Task directions: Below are some records; output exactly the lines from the line with "Prognoza meteo 19" to the line with "Северный Кипр. Замок", both ends kept, and nothing more.
Listed records: Begin
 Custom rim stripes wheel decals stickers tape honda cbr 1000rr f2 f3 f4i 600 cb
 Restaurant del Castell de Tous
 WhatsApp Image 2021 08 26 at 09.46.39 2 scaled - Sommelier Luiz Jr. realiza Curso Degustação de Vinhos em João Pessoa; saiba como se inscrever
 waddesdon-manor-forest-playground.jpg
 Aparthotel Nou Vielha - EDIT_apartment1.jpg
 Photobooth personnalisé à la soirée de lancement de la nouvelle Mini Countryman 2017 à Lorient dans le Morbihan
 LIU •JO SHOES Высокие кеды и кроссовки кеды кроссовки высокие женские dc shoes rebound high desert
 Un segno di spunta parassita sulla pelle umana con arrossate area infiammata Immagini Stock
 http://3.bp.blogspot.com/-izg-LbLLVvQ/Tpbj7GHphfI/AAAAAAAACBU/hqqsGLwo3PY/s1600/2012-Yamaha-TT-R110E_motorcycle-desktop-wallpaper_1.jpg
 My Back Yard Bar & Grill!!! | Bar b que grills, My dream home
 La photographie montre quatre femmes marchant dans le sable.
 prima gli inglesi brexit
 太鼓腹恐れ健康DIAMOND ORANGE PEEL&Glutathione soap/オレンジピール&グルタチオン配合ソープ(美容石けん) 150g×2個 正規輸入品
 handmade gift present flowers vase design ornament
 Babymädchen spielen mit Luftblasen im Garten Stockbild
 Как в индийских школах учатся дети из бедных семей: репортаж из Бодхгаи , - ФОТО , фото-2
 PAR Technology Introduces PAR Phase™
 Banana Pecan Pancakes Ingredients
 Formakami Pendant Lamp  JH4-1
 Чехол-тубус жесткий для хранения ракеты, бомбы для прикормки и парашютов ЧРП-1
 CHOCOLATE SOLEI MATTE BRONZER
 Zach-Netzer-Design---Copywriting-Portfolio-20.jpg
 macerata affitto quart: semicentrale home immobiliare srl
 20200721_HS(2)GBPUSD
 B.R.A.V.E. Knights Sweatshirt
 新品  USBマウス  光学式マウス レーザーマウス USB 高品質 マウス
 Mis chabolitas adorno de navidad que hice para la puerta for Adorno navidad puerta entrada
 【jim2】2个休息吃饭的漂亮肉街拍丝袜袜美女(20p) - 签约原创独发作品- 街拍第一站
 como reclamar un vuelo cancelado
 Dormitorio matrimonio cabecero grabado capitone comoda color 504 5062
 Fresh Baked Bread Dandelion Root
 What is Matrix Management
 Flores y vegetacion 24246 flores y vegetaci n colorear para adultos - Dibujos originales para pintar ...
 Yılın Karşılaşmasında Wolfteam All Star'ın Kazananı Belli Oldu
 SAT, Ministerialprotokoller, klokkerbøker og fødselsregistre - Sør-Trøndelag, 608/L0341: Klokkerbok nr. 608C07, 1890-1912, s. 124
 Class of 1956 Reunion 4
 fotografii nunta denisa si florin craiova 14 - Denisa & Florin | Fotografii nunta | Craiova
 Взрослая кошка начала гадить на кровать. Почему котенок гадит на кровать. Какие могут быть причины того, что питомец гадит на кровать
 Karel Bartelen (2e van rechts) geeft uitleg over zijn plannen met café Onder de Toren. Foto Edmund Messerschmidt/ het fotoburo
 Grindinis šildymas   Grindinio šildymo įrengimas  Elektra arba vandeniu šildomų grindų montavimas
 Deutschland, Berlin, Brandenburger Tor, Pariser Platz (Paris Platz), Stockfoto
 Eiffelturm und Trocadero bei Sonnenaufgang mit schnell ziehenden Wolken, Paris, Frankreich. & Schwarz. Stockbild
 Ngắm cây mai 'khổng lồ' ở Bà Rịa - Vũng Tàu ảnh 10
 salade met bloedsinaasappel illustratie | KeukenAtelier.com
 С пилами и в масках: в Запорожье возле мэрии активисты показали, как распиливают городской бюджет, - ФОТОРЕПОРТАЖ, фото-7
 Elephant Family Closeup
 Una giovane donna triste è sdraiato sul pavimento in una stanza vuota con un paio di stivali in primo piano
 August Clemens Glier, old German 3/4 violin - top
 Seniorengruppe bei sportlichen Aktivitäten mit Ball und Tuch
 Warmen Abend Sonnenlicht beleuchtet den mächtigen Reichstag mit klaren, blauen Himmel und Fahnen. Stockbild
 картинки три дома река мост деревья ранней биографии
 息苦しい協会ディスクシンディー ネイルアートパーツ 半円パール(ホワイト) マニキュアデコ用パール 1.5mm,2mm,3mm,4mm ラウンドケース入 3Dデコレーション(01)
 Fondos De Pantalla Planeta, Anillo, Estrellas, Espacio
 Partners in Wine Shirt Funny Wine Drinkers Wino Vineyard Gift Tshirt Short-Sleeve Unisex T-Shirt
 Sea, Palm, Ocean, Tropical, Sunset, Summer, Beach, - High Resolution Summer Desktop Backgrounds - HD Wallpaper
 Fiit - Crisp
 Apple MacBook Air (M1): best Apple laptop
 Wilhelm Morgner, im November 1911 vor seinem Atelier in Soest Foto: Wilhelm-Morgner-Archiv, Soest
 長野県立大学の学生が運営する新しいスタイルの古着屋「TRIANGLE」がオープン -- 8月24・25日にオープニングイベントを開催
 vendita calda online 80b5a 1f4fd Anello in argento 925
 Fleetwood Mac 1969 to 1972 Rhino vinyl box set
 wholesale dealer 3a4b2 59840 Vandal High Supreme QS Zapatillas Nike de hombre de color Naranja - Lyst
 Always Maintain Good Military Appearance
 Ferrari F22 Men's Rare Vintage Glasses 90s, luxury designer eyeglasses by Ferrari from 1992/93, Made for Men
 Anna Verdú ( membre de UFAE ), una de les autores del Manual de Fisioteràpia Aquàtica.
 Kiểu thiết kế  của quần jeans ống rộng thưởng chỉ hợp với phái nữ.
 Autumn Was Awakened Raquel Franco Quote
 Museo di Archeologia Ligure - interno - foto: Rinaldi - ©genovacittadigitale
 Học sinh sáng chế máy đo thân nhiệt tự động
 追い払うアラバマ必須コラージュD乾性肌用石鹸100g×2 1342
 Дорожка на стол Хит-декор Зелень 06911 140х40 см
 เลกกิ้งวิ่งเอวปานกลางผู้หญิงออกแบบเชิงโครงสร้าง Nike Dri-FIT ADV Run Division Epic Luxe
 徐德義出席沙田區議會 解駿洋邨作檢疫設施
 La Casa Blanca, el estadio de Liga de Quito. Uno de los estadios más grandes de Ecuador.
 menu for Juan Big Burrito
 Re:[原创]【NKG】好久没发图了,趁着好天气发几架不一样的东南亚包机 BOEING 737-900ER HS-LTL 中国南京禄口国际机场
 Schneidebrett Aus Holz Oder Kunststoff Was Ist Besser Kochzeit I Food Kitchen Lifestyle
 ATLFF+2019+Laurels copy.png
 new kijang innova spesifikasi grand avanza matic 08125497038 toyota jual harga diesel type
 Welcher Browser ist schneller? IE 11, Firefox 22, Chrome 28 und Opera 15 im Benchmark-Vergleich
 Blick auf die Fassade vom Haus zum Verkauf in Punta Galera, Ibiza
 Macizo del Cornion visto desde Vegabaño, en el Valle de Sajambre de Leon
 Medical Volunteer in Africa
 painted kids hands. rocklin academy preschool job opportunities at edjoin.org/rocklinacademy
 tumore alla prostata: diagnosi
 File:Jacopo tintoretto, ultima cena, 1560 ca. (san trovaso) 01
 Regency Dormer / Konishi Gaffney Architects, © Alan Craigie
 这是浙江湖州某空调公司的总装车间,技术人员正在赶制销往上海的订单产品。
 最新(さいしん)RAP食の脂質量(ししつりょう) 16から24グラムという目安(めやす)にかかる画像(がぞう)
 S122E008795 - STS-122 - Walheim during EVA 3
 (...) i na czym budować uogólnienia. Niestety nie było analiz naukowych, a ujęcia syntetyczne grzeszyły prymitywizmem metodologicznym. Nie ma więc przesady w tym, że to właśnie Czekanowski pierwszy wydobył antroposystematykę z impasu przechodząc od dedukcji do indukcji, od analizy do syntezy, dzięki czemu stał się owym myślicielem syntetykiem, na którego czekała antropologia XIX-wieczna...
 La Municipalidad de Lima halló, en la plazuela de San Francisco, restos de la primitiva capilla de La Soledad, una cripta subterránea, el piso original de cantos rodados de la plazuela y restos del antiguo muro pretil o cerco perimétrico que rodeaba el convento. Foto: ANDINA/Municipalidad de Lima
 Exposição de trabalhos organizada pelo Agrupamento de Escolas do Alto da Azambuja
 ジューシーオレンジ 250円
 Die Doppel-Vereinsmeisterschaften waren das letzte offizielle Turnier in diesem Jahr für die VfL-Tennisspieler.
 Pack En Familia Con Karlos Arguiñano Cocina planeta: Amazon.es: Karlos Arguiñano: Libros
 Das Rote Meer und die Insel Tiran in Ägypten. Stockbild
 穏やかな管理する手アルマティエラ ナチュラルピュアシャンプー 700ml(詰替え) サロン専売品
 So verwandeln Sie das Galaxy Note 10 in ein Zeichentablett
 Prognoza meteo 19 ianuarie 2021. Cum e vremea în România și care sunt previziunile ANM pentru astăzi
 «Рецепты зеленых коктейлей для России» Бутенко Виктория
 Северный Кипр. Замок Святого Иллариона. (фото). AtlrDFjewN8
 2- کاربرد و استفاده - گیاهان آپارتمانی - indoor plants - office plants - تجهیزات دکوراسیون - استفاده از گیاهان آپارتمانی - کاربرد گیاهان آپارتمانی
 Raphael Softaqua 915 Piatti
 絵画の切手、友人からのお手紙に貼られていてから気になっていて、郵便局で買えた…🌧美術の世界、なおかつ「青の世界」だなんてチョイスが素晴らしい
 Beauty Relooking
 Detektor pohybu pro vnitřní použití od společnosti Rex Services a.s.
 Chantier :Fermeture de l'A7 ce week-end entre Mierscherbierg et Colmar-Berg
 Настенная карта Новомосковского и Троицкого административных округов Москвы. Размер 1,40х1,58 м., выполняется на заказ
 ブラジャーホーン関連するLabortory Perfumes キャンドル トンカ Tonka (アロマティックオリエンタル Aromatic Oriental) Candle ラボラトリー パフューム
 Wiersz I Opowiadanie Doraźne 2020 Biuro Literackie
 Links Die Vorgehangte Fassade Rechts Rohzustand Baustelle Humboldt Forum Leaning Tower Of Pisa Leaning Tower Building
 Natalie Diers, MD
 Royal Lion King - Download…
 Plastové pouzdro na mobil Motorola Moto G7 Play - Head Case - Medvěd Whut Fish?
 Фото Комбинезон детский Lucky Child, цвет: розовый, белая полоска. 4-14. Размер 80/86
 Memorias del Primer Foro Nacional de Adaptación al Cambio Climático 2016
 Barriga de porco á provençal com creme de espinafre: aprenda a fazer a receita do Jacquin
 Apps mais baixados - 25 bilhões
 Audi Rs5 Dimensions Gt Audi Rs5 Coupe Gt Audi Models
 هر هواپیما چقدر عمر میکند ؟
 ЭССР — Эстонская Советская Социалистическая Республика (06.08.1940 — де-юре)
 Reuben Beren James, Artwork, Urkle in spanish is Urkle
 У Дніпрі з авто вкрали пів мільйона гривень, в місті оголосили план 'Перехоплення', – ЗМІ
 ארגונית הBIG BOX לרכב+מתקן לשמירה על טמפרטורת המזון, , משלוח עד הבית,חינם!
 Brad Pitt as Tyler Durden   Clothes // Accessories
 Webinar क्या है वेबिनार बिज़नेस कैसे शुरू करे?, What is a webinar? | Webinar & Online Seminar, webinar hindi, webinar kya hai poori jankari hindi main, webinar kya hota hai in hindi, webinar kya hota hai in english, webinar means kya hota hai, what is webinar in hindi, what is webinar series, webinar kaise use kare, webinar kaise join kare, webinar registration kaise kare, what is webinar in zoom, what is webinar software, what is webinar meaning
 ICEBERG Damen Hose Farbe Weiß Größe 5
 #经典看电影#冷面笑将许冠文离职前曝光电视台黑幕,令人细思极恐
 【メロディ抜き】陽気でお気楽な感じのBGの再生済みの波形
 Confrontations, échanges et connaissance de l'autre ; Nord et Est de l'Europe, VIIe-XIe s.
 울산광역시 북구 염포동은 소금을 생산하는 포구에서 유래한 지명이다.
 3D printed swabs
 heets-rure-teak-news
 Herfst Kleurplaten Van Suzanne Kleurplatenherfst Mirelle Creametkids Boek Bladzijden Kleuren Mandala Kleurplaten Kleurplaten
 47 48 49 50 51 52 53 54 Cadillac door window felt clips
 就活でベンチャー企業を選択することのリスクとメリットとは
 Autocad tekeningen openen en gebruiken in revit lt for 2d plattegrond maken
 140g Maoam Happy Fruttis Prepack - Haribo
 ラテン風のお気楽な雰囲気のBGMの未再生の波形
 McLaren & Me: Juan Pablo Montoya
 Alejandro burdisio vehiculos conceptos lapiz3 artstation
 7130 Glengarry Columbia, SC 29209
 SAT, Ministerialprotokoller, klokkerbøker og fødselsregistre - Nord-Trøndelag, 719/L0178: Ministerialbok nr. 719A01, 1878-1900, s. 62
Listed records: End
Output for this exercise:
 Prognoza meteo 19 ianuarie 2021. Cum e vremea în România și care sunt previziunile ANM pentru astăzi
 «Рецепты зеленых коктейлей для России» Бутенко Виктория
 Северный Кипр. Замок Святого Иллариона. (фото). AtlrDFjewN8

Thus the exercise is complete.